# WORK REQUIRED
Begin at the line containing "Vintage N.A.V.S. Convention" in the records below, end at the line containing "12 X Pairs of", and retype each line in that span exactly. No other line and no image should appear.

# DATA TO EXAMINE
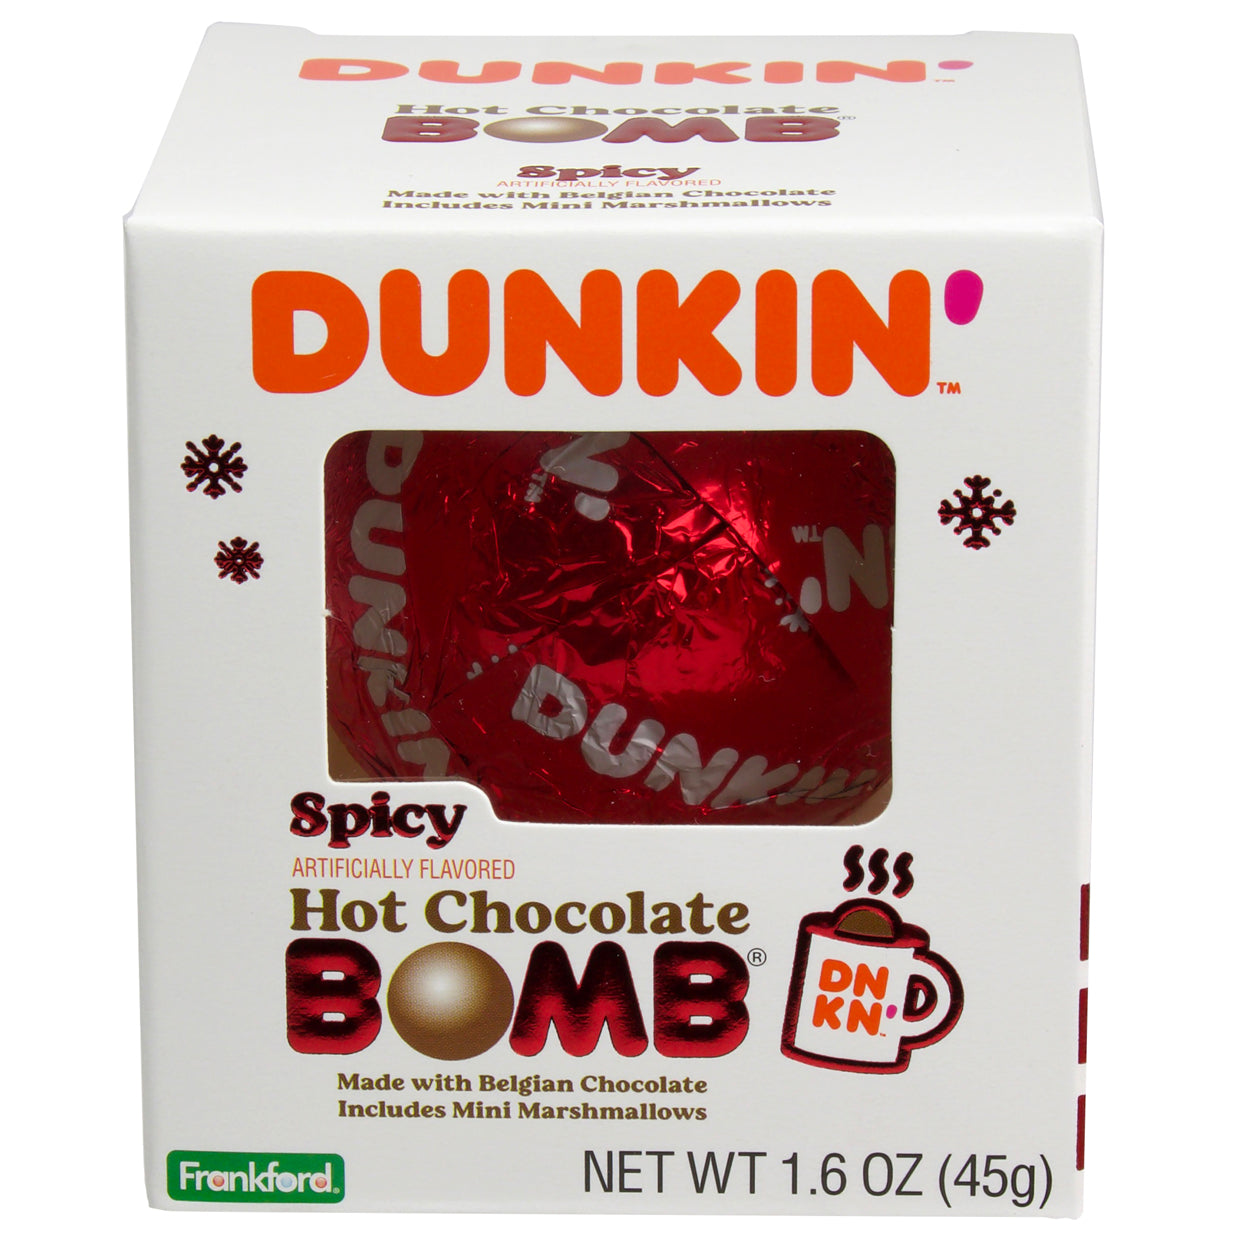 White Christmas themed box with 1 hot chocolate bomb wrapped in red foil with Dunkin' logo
* * *
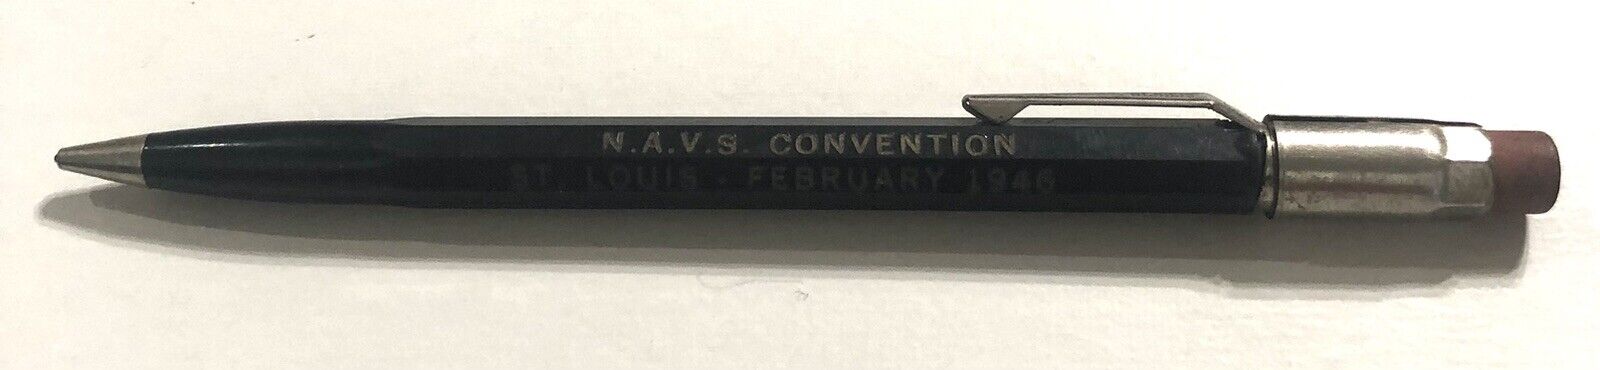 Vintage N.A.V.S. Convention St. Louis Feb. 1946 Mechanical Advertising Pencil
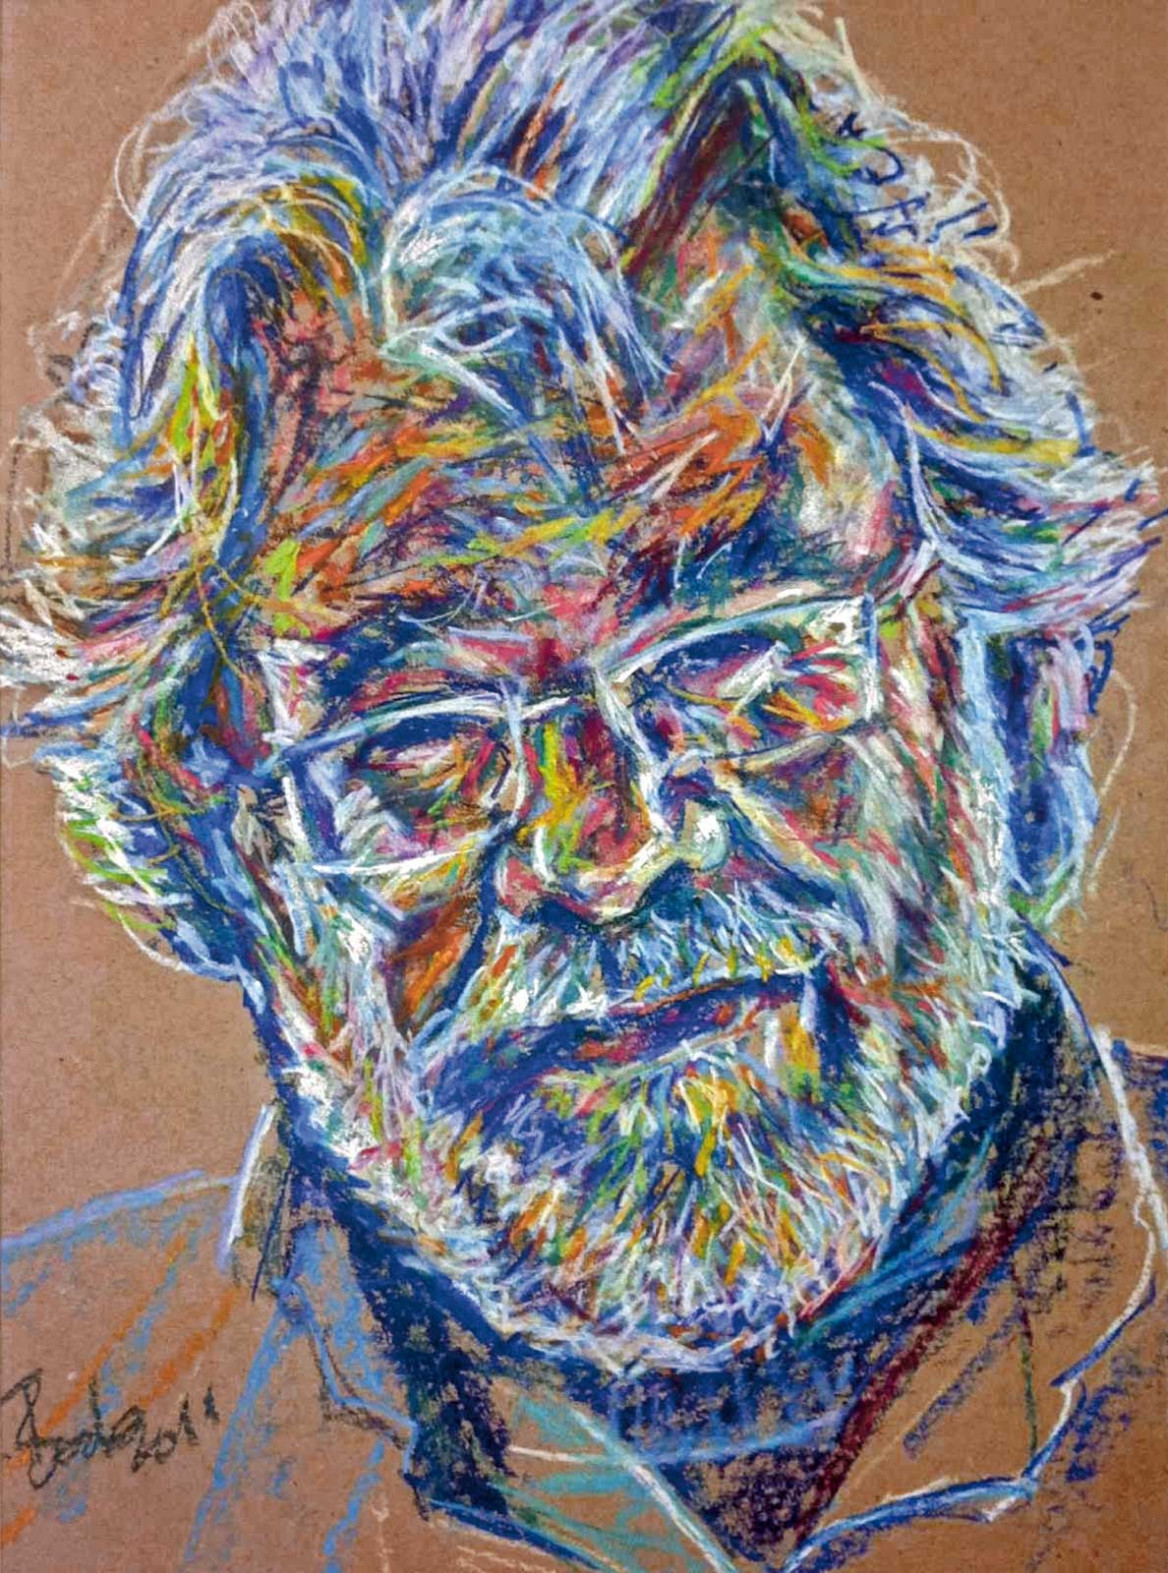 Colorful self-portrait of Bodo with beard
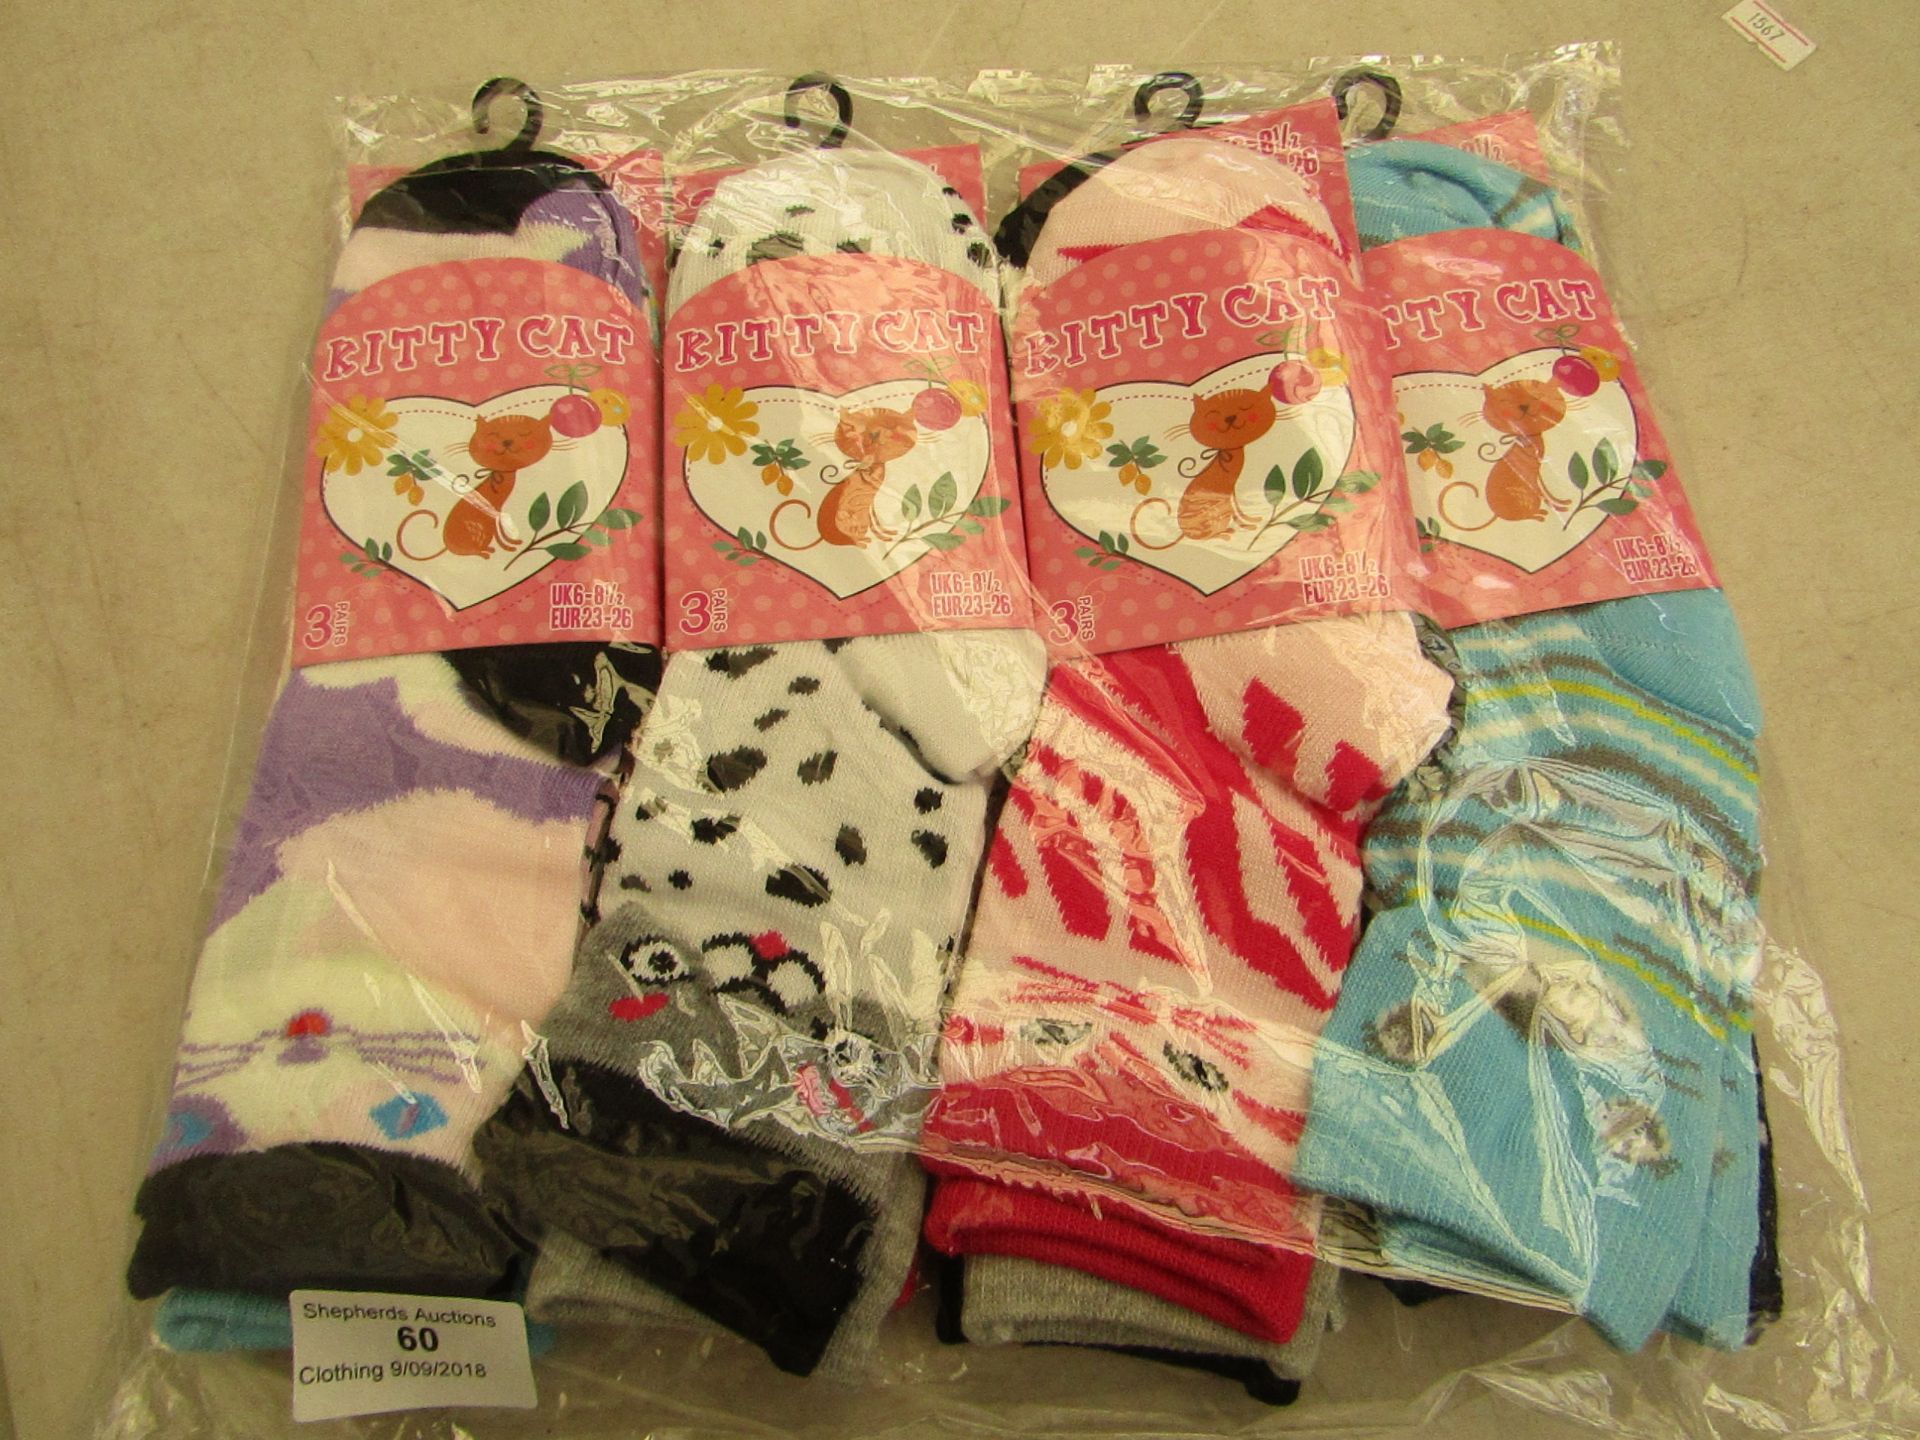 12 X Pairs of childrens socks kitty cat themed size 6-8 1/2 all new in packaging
...
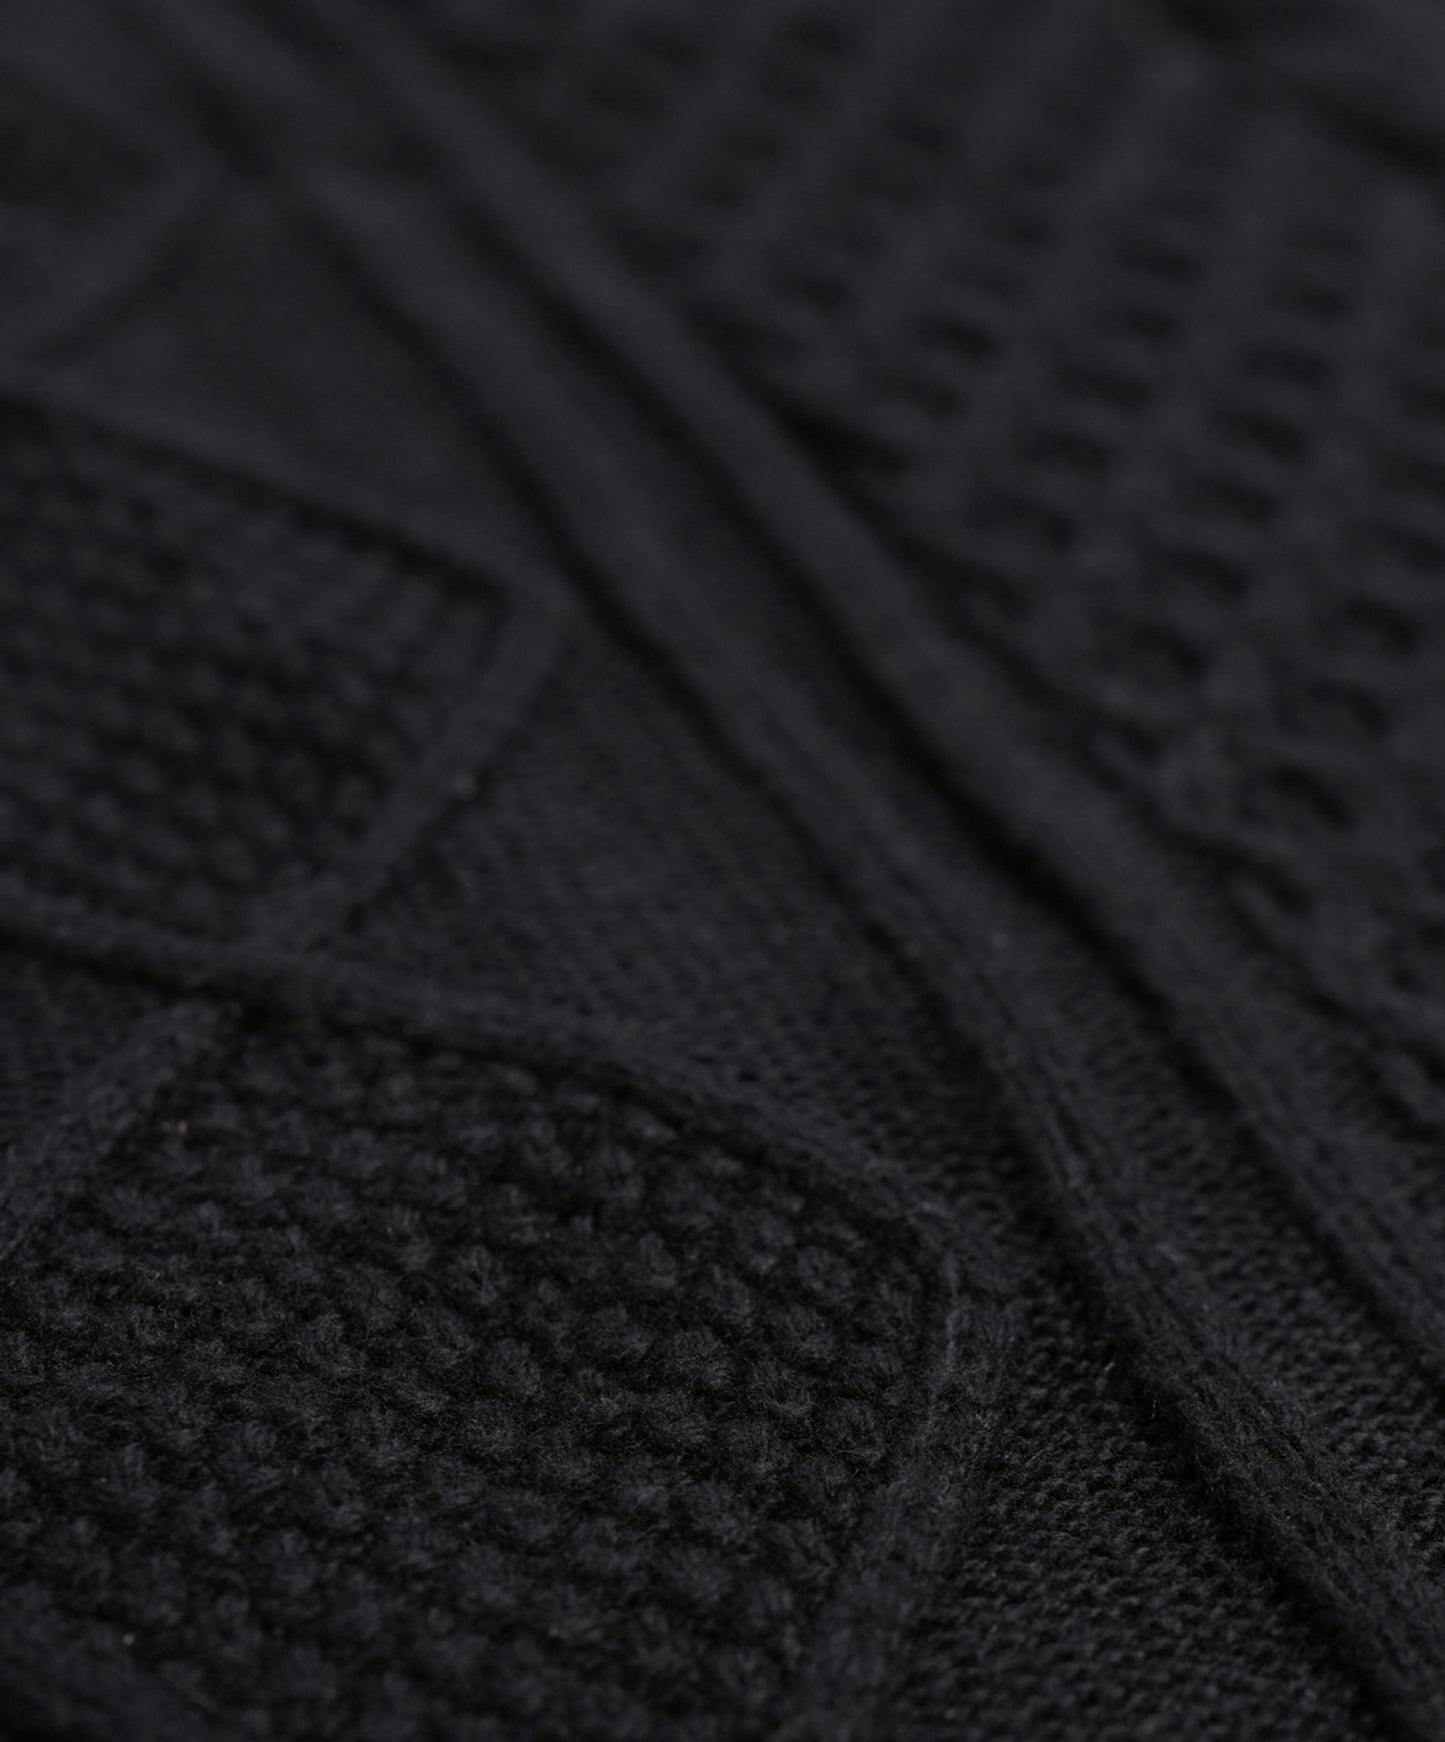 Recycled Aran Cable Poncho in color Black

# RESPONSE AREA
 Vintage N.A.V.S. Convention St. Louis Feb. 1946 Mechanical Advertising Pencil
 Colorful self-portrait of Bodo with beard
 12 X Pairs of childrens socks kitty cat themed size 6-8 1/2 all new in packaging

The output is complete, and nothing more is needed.